[Opening AVAILABLE DATA section]

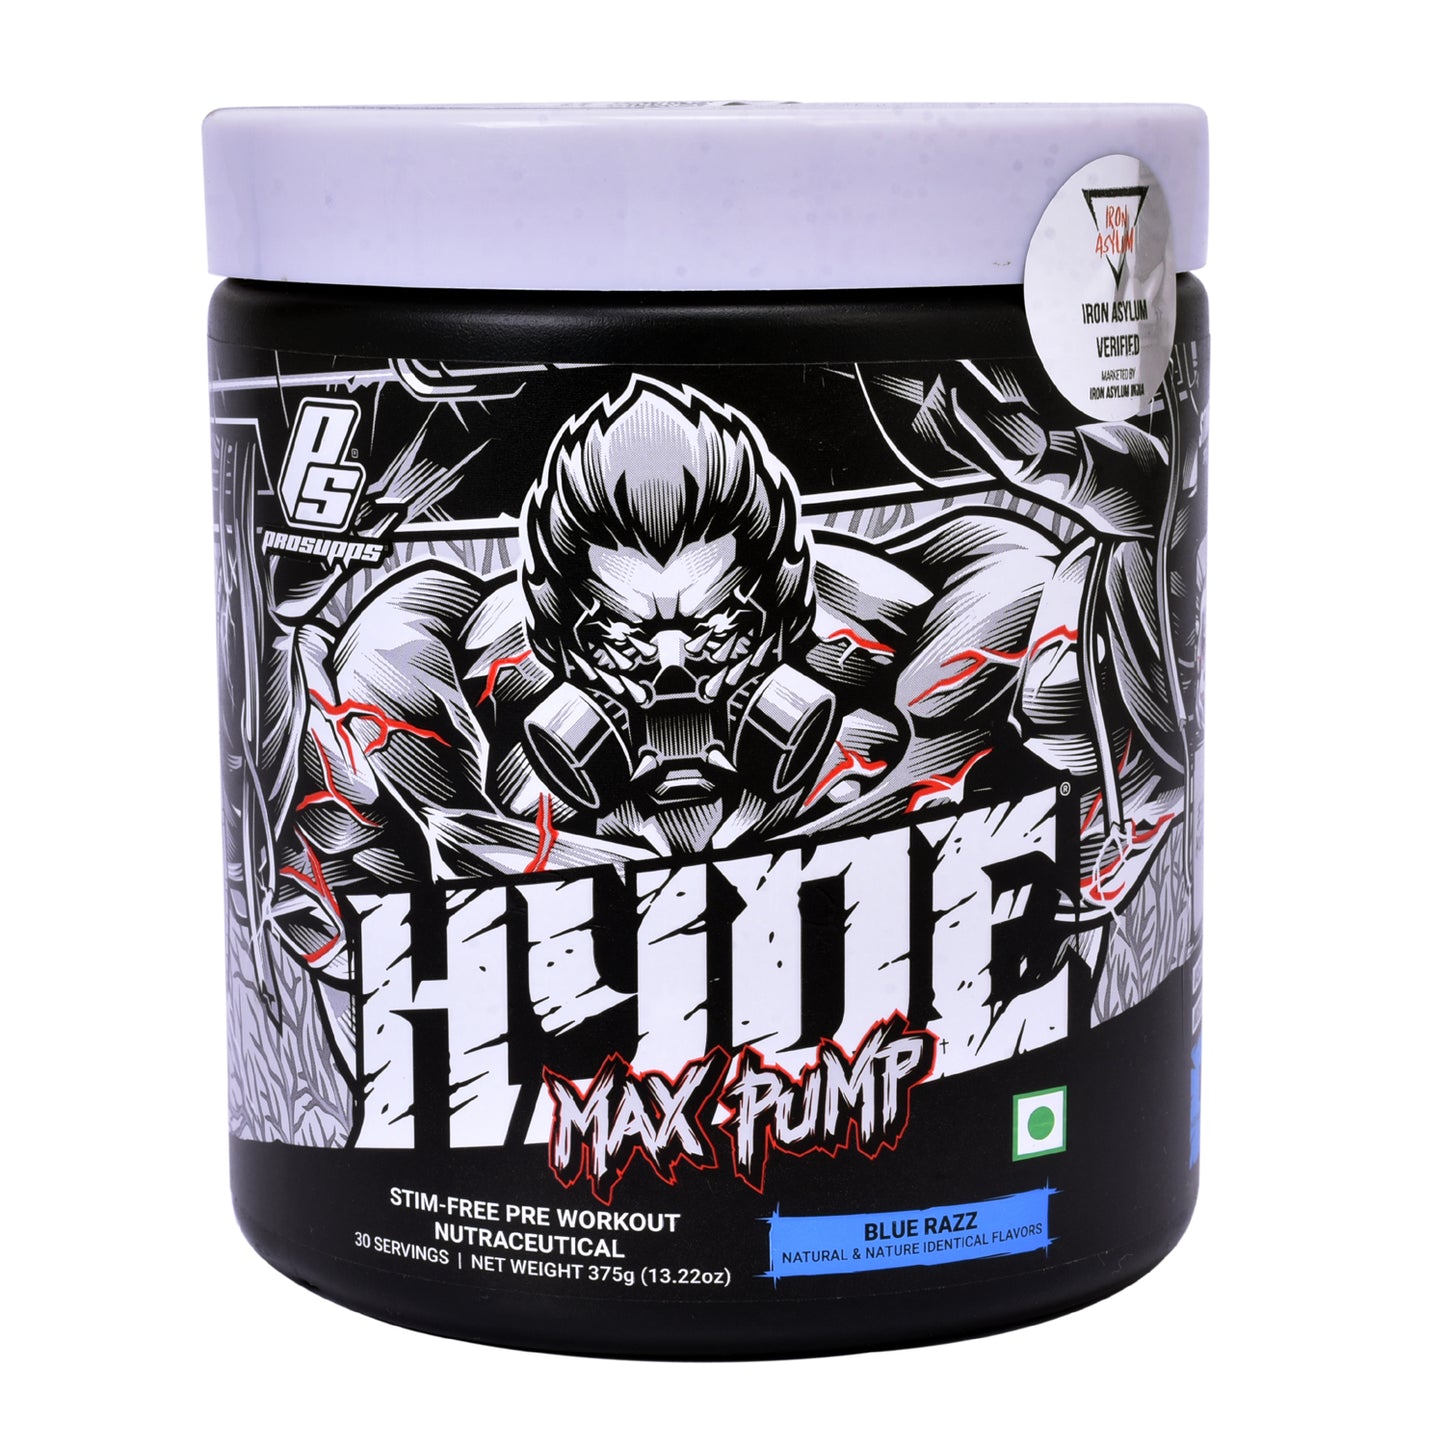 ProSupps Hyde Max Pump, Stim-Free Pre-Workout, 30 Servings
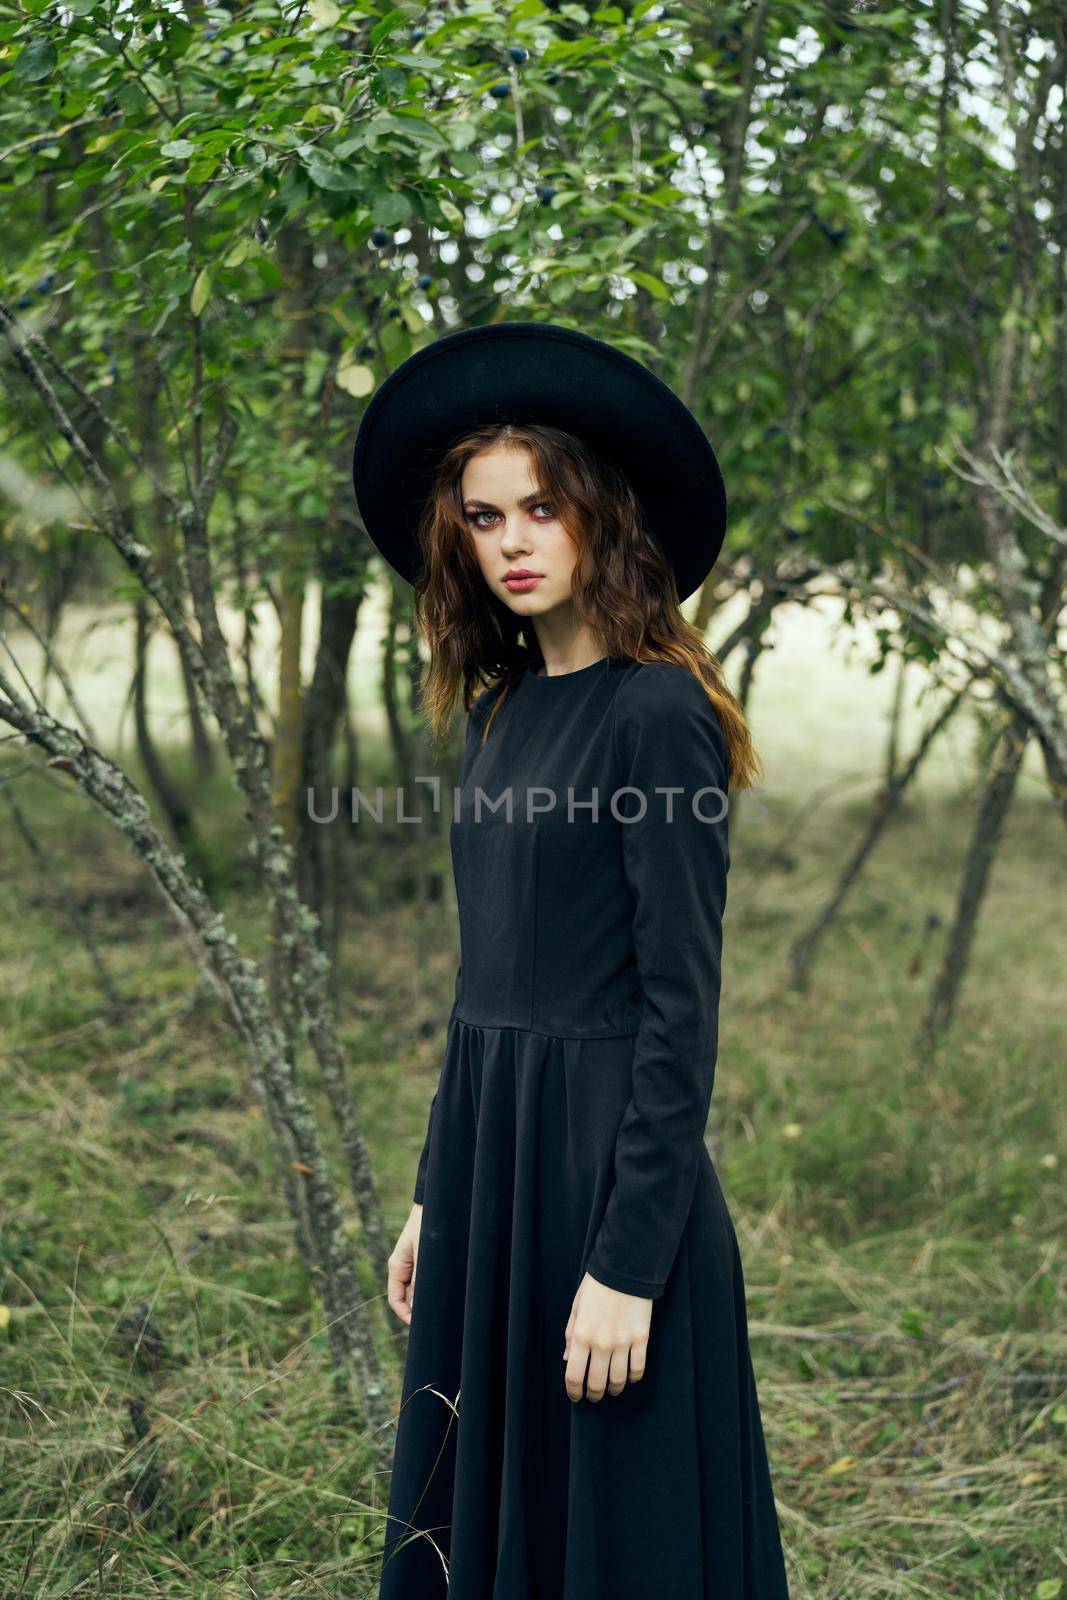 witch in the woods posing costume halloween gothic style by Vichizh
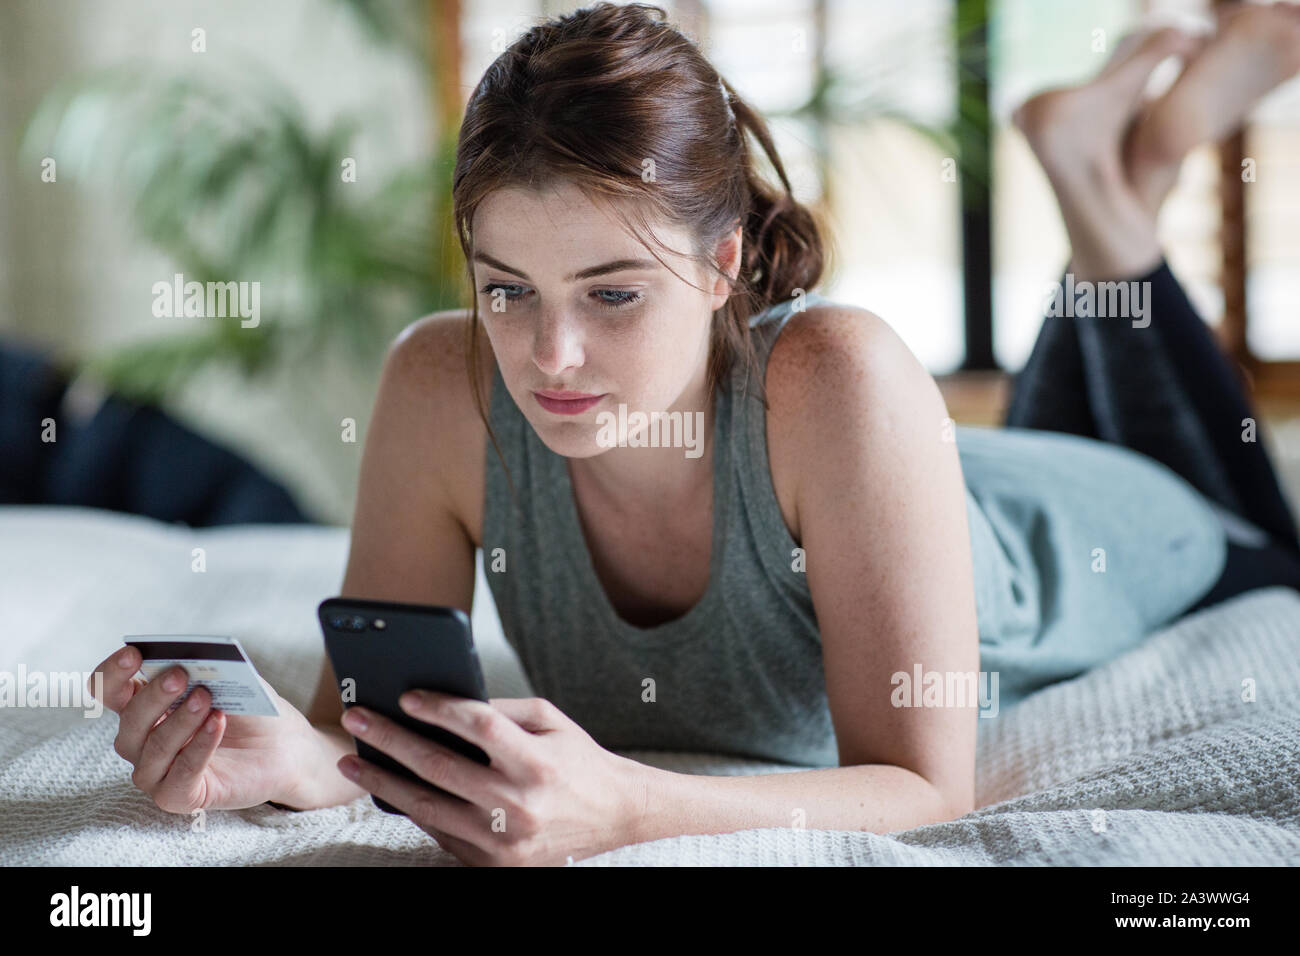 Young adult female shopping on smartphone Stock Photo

[Closing AVAILABLE DATA section]

(WHAT IS EXPECTED): With the pictures omitted, print each line of the data above precisely as given.

(SOLUTION TO THIS EXERCISE):
 ProSupps Hyde Max Pump, Stim-Free Pre-Workout, 30 Servings
 witch in the woods posing costume halloween gothic style by Vichizh
 Young adult female shopping on smartphone Stock Photo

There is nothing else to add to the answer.